» **Assignment**:
From the listing below, restate word for word the lines from the line containing "Wednesday Adams quote" down through the line containing "I consider all". Exclude pictures.

» **Given entries**:
[Start of section]

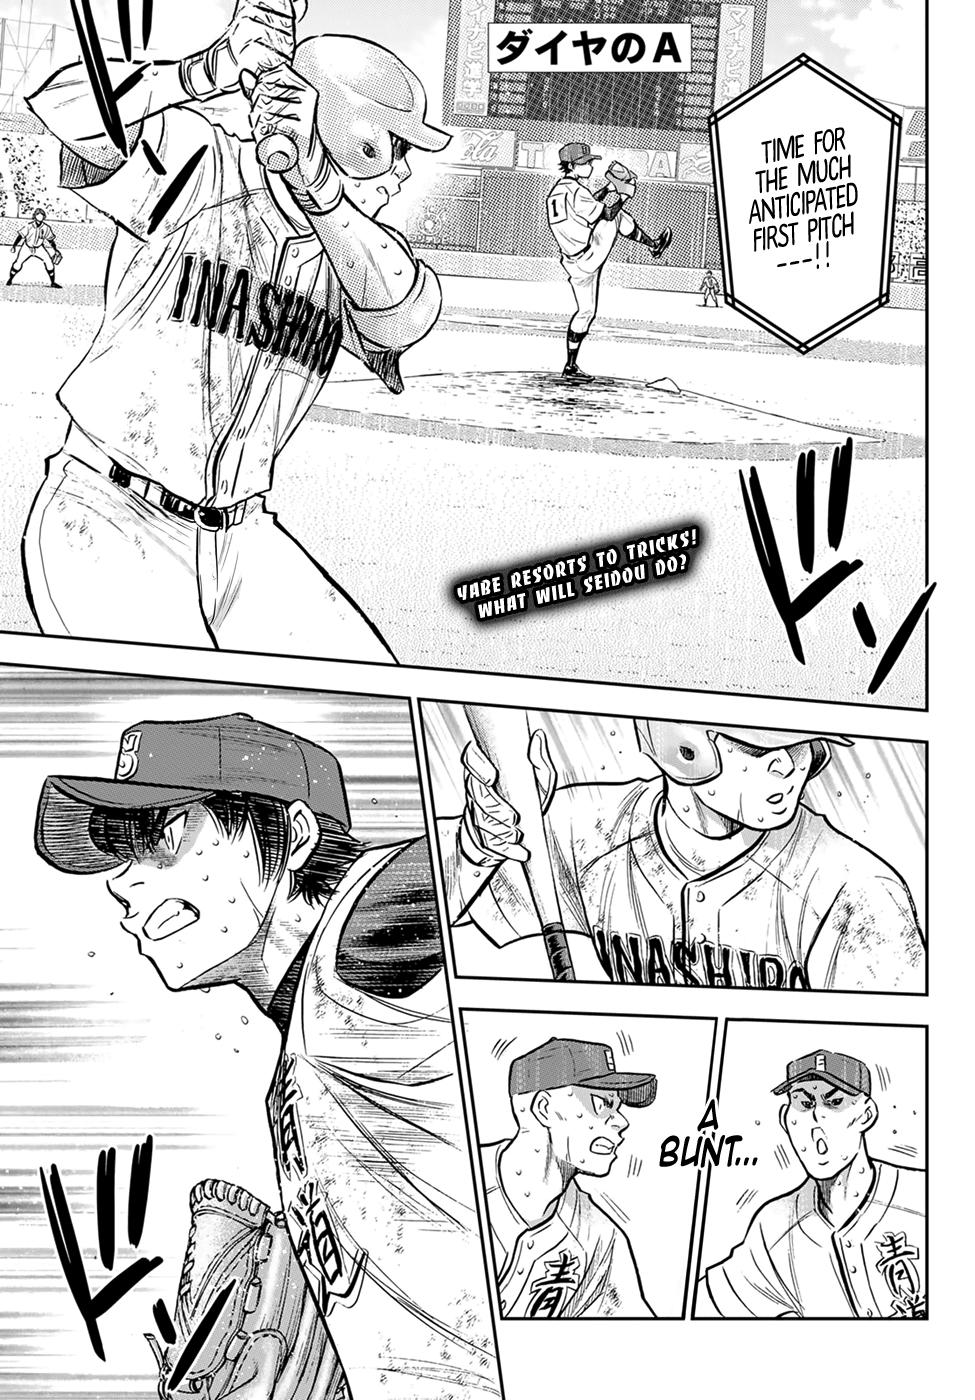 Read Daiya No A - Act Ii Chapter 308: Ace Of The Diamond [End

[End of section]
[Start of section]

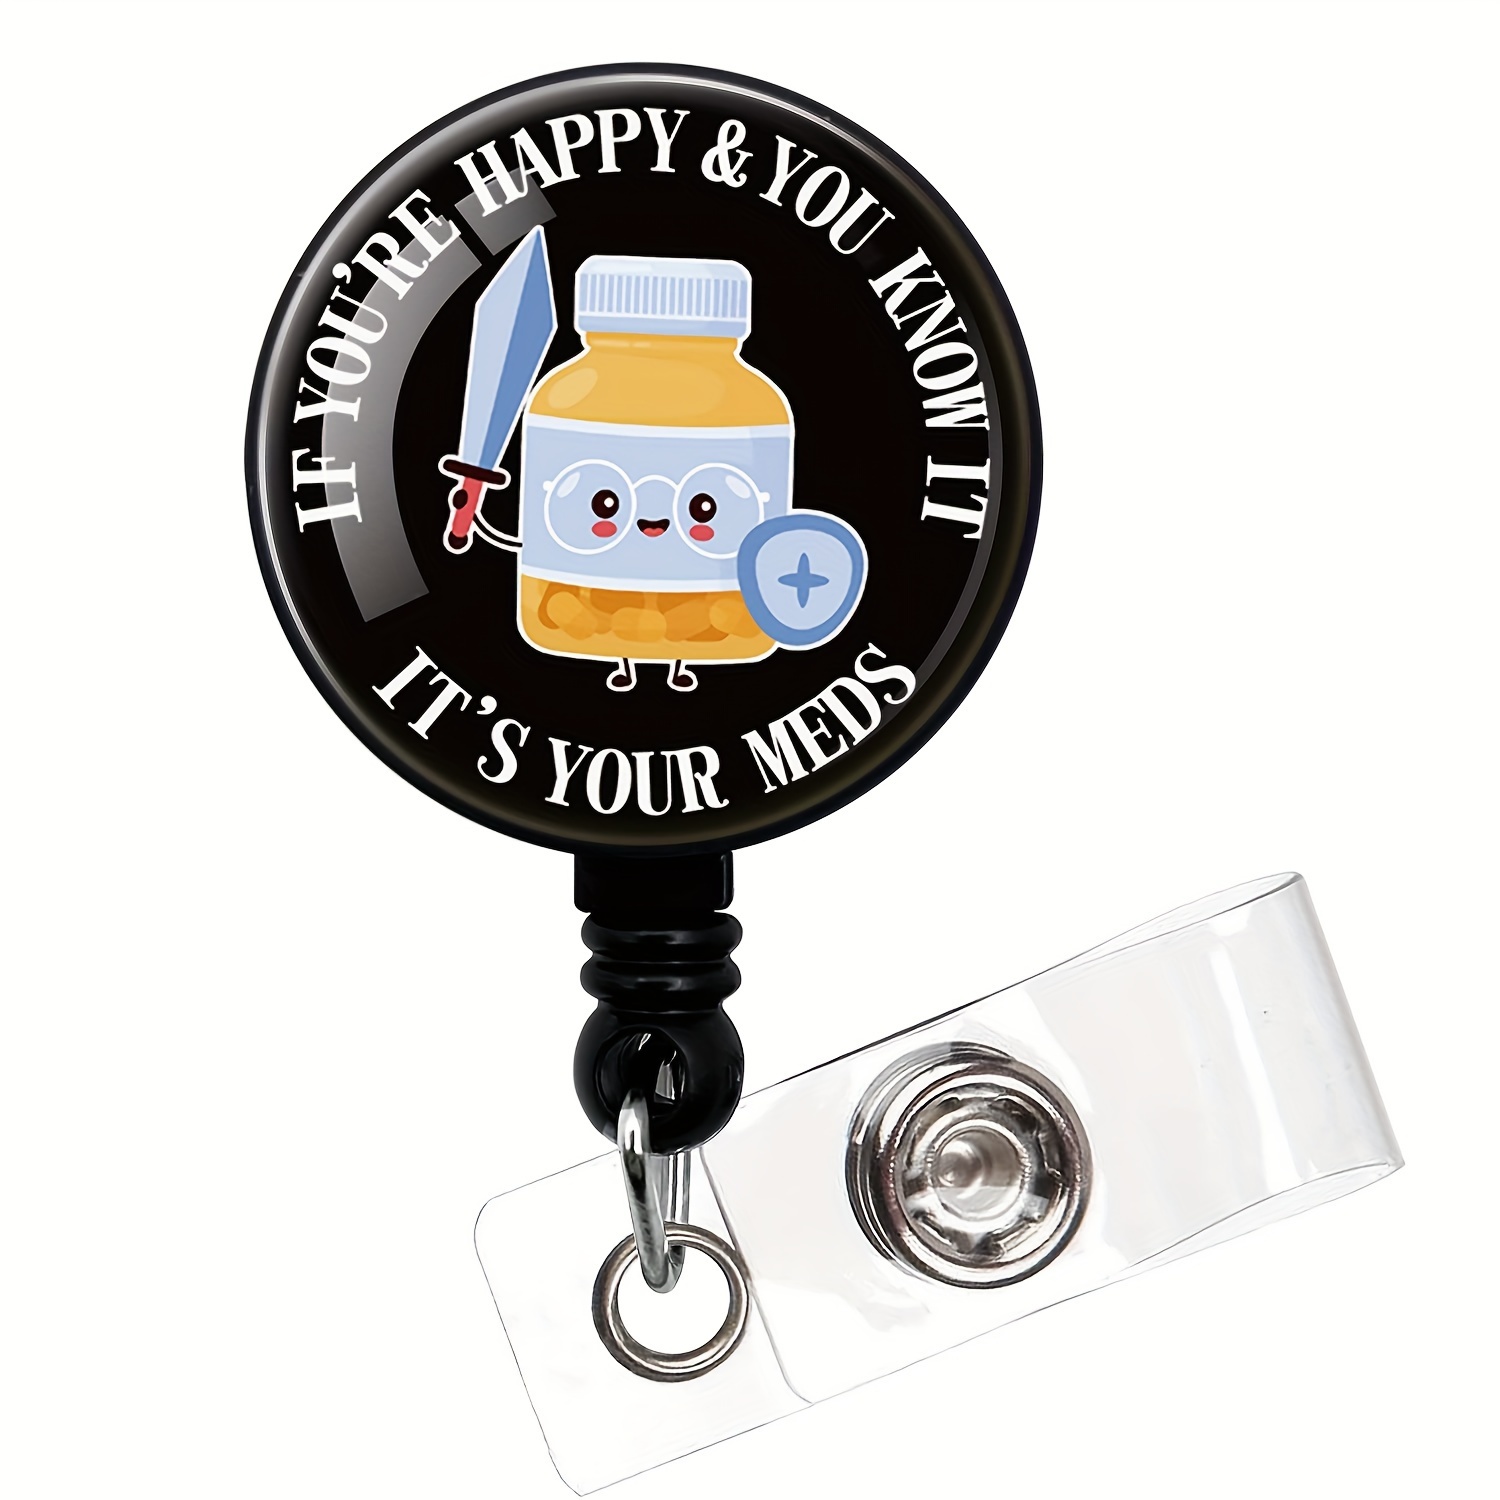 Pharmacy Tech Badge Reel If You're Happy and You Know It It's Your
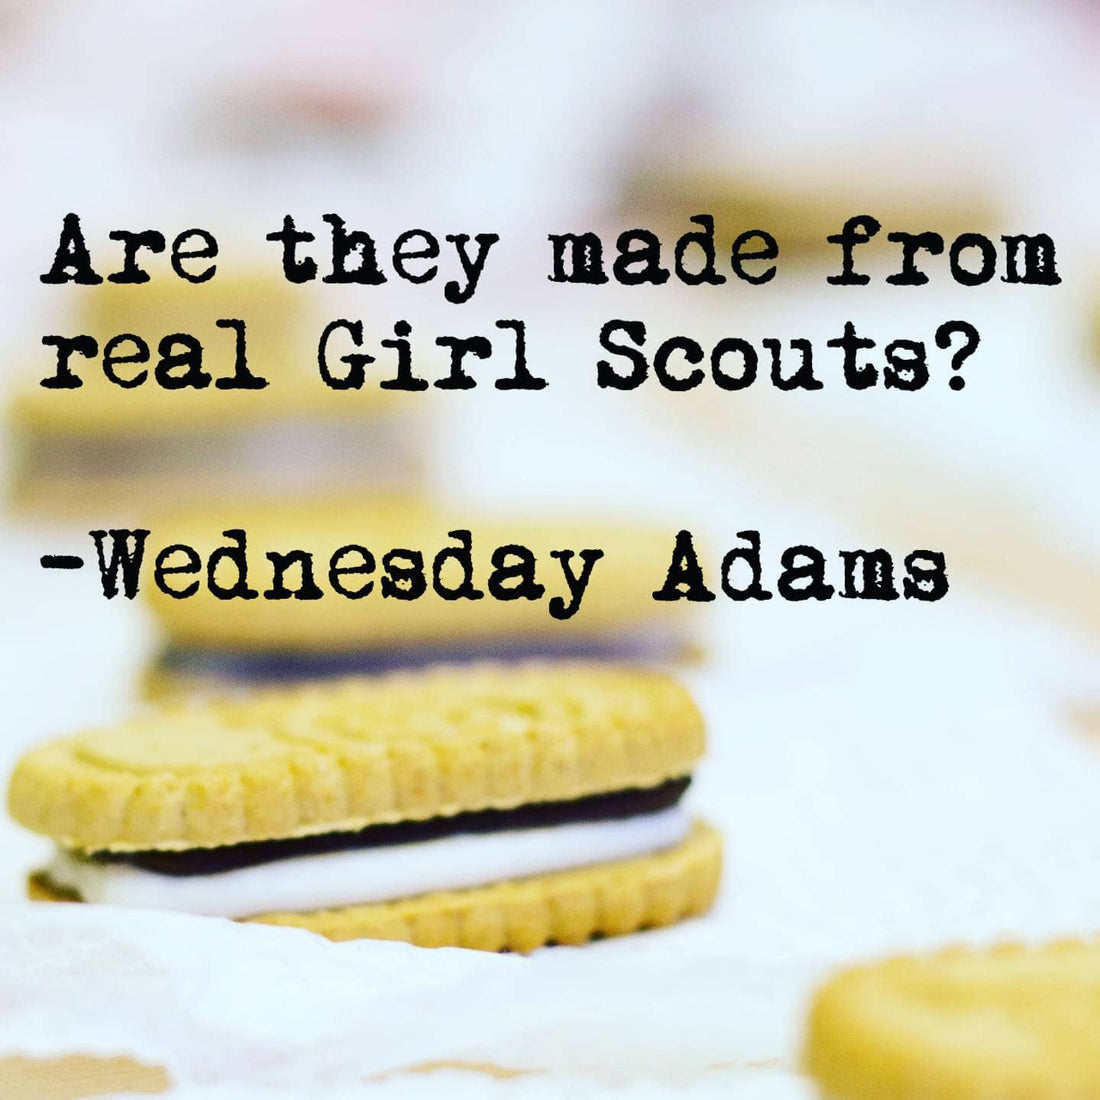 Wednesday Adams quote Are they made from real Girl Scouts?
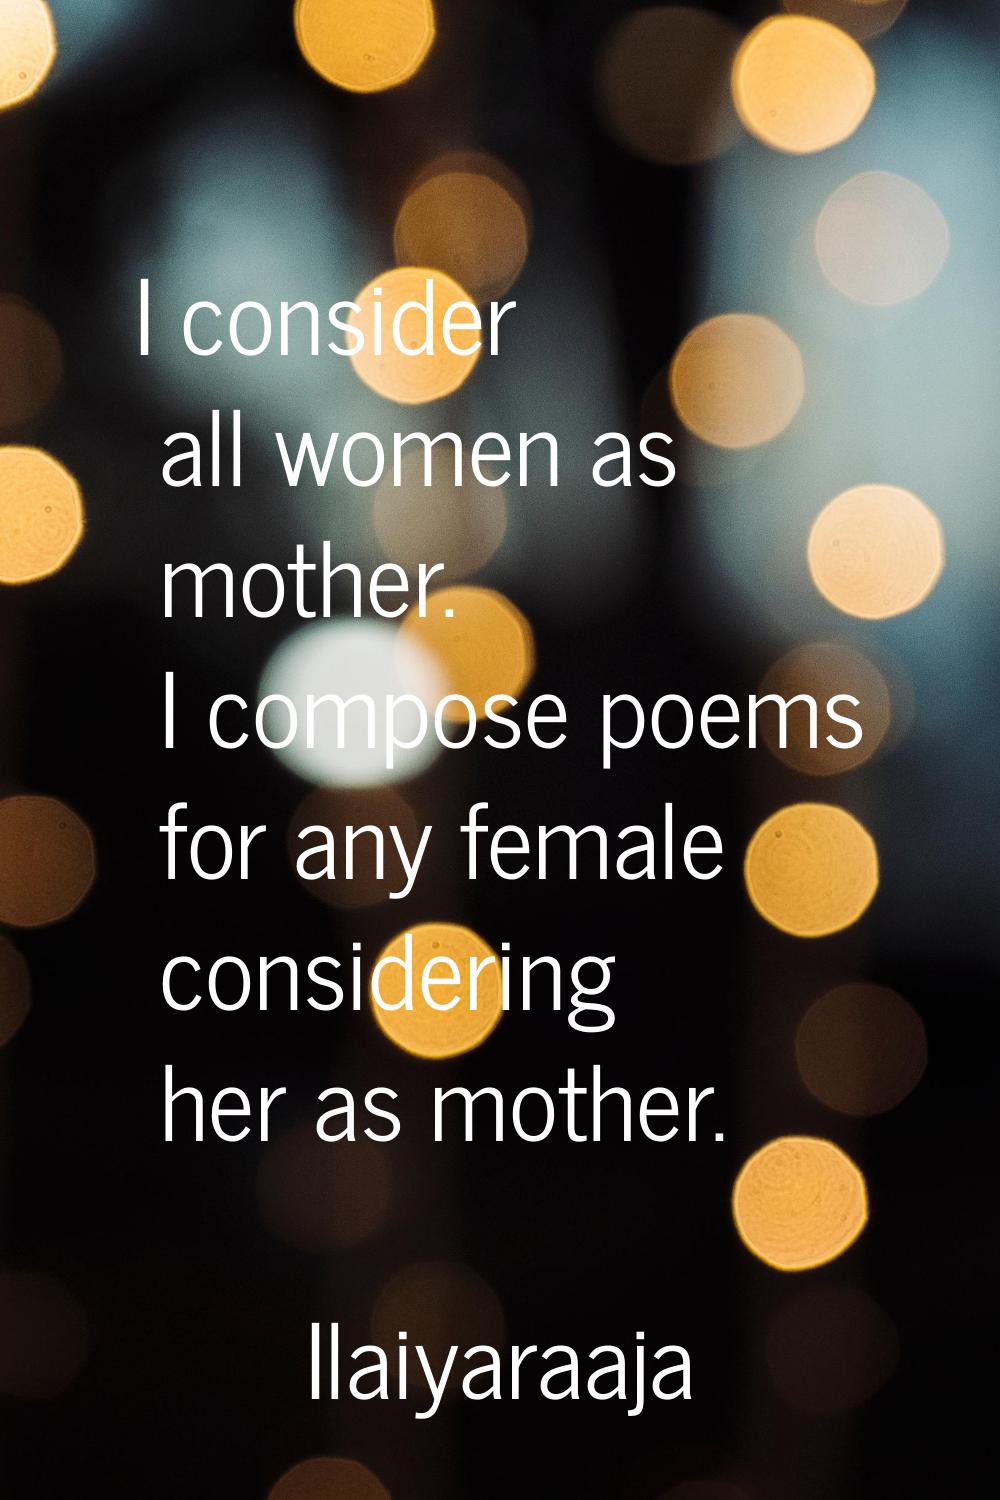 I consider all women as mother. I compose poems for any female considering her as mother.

[End of section]
[Start of section]

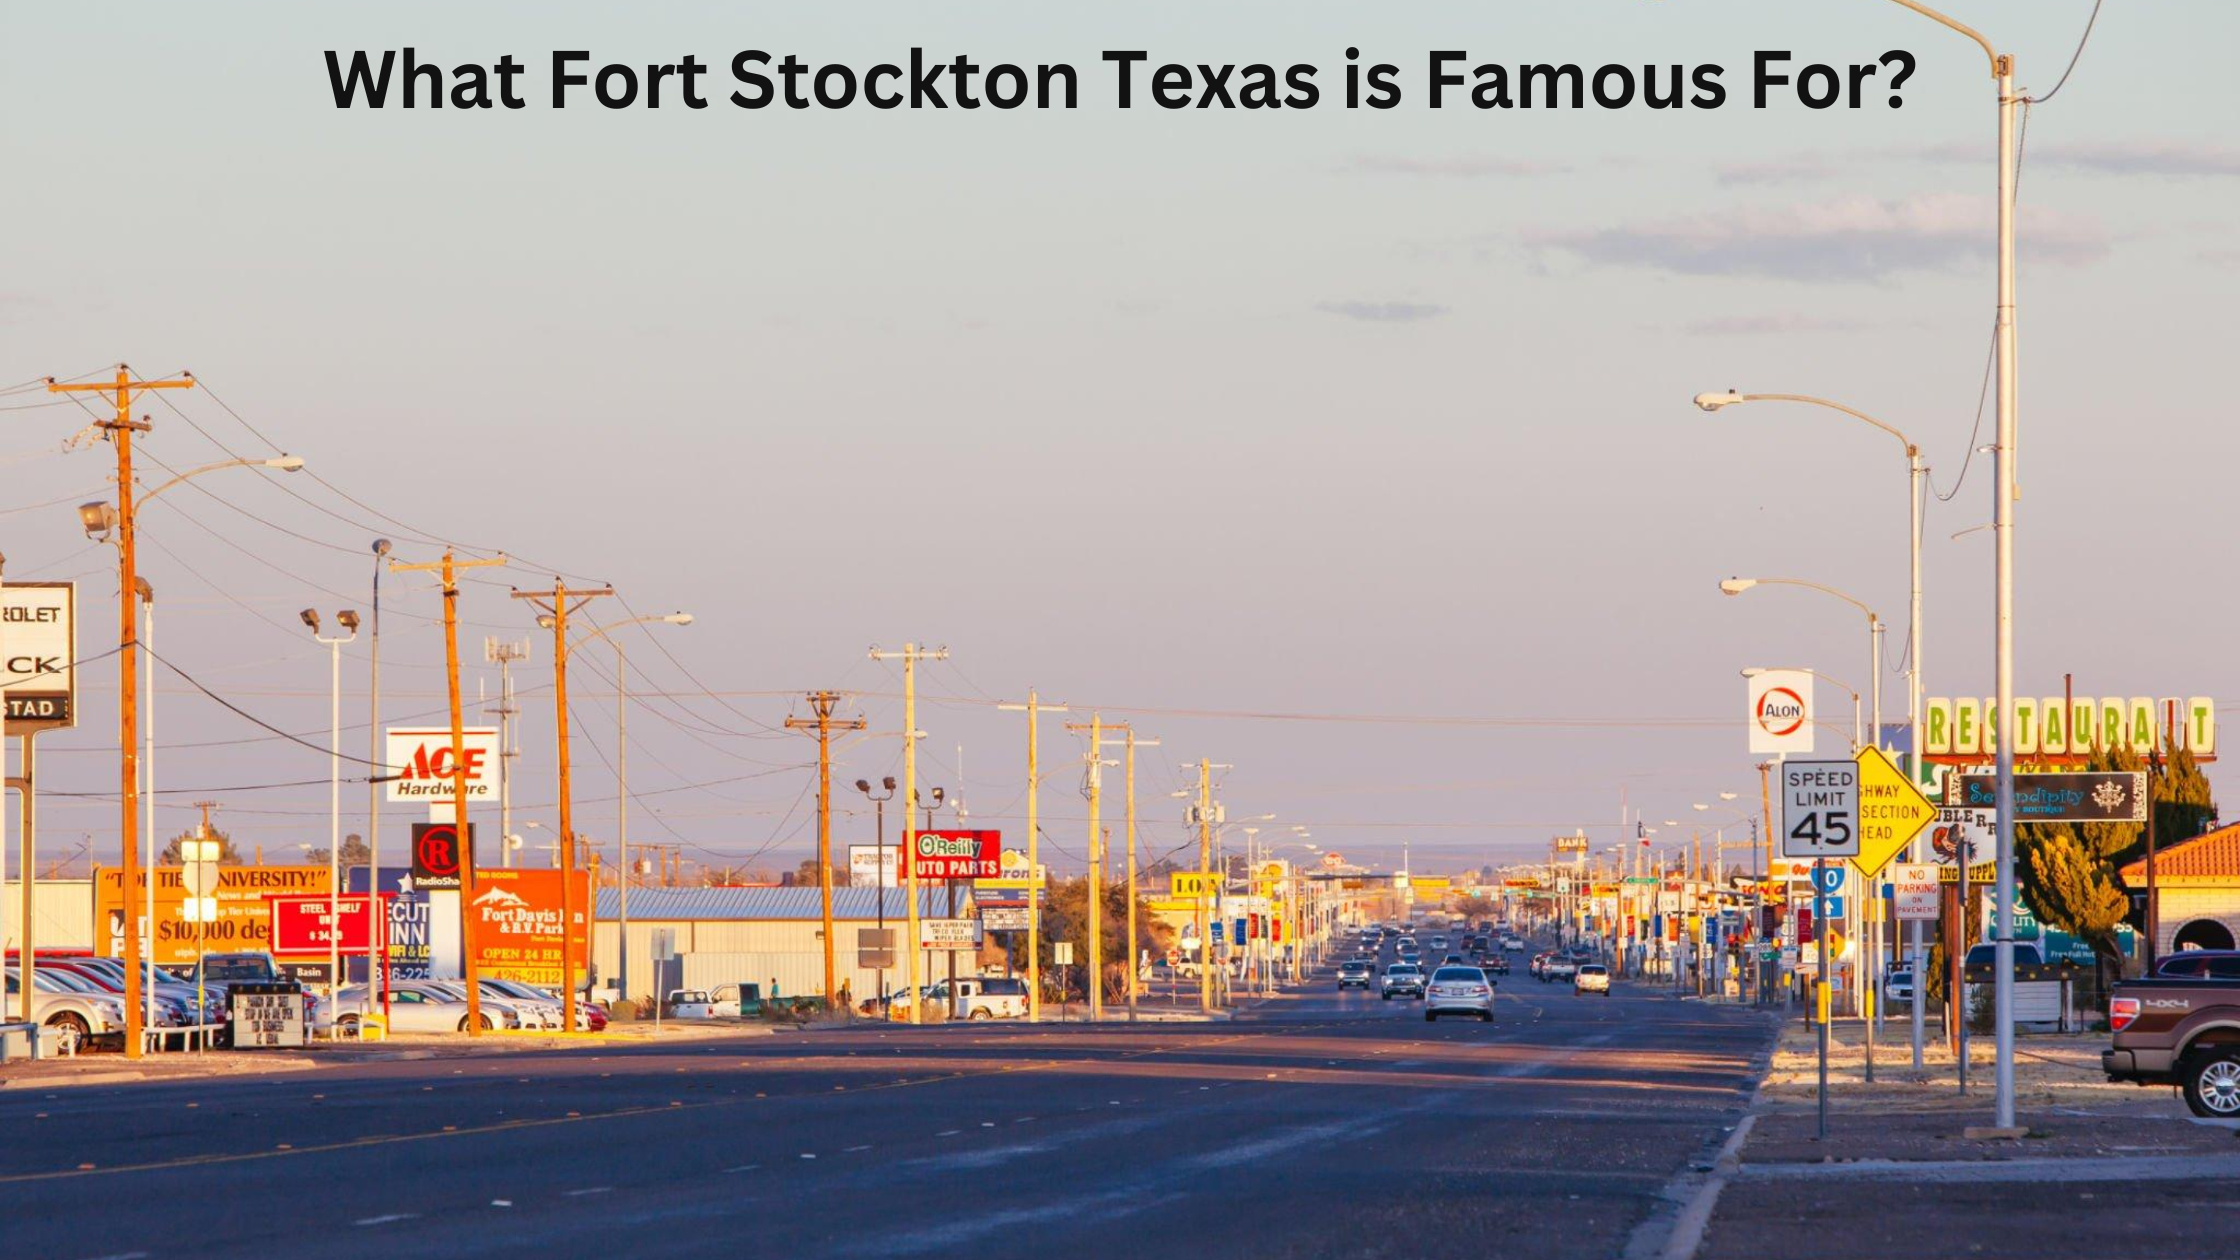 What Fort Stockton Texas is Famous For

[End of section]

» **Reply to the task**:
 Wednesday Adams quote Are they made from real Girl Scouts?
 I consider all women as mother. I compose poems for any female considering her as mother.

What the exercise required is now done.